Ghost-Managed Medicine by Sergio Sismondo explores a spectral side of medical knowledge, based in pharmaceutical industry tactics and practices.
Hidden from the public view, the many invisible hands of the pharmaceutical industry and its agents channel streams of drug information and knowledge from contract research organizations (that extract data from experimental bodies) to publication planners (who produce ghostwritten medical journal articles) to key opinion leaders (who are sent out to educate physicians about drugs) to patient advocacy organizations (who ventriloquize views on diseases, treatments and regulations), and onward. The goal of this 'assemblage marketing' is to establish conditions that make specific diagnoses, prescriptions and purchases as obvious and frequent as possible. While staying in the shadows, companies create powerful markets in which increasing numbers of people become sick and the drugs largely sell themselves.
Most agents for drug companies aim to tell the truth, but the truths they tell are drawn from streams of knowledge that have been fed, channeled and maintained by the companies at every possible opportunity. Especially because those companies have concentrated influence and narrow interests, consumers and others should be concerned about how epistemic power is distributed - or 'political economies of knowledge' - and not just about truth and falsity of medical knowledge.
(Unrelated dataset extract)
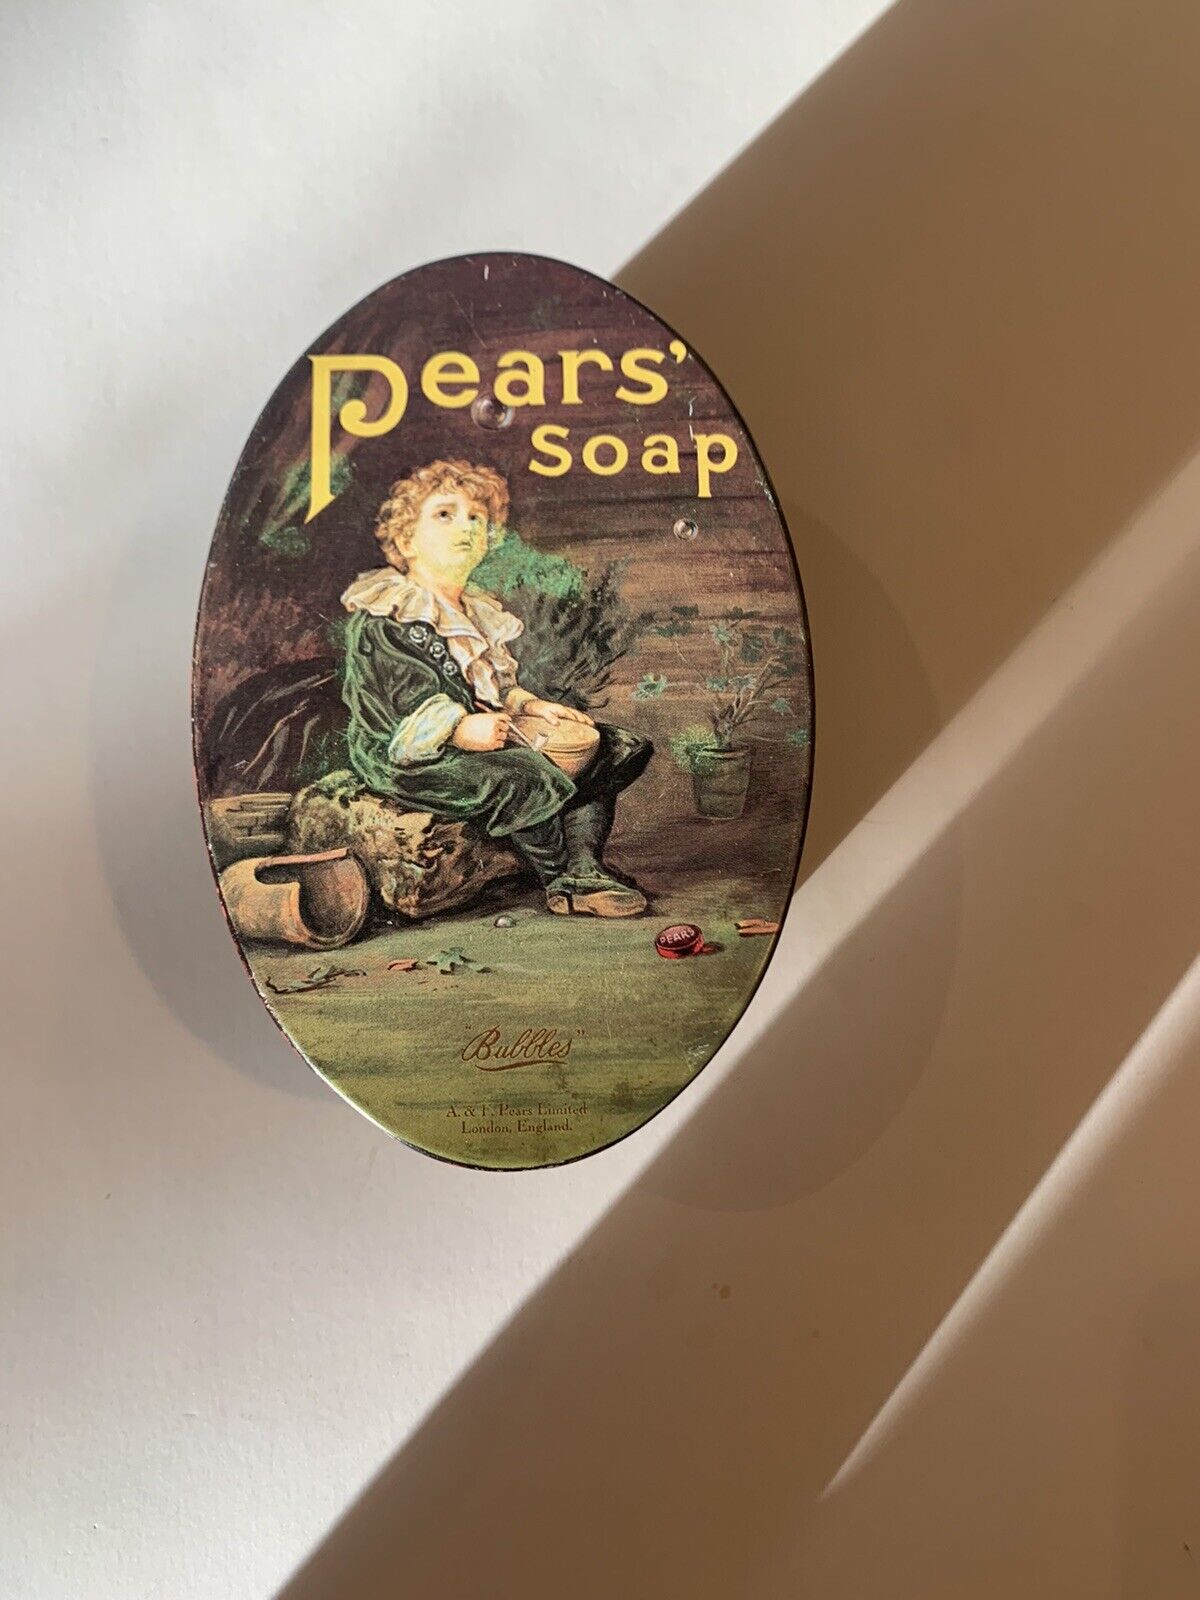 vintage Soap Tin, pears’ soap tin

In pharmaceutical companies' ideal worlds, medical research, education and marketing would be tightly fused. Doctors trying to educate themselves would turn to companies' agents, such as researchers and educators sponsored to spread particular messages, local sales reps hired to change doctors' behaviour, or journalists supplied with news stories. Ghost-Managed Medicine shows that the real world of medicine is not very far from the worlds that the companies want to create. Big Pharma's many invisible hands are busy throughout medicine, and medicine changes as a result.
Ghost-Managed Medicine draws on presentations at industry conferences, especially ones where pharmaceutical companies interact with communication, marketing and other agencies. Participants at these interface conferences describe goals, practices and concerns; in the process, they reveal a lot about how the industry works. Some of the book's other data is taken from publications that also serve as interfaces between the industry and adjacent actors, and from interviews with people engaged in pharmaceutical marketing.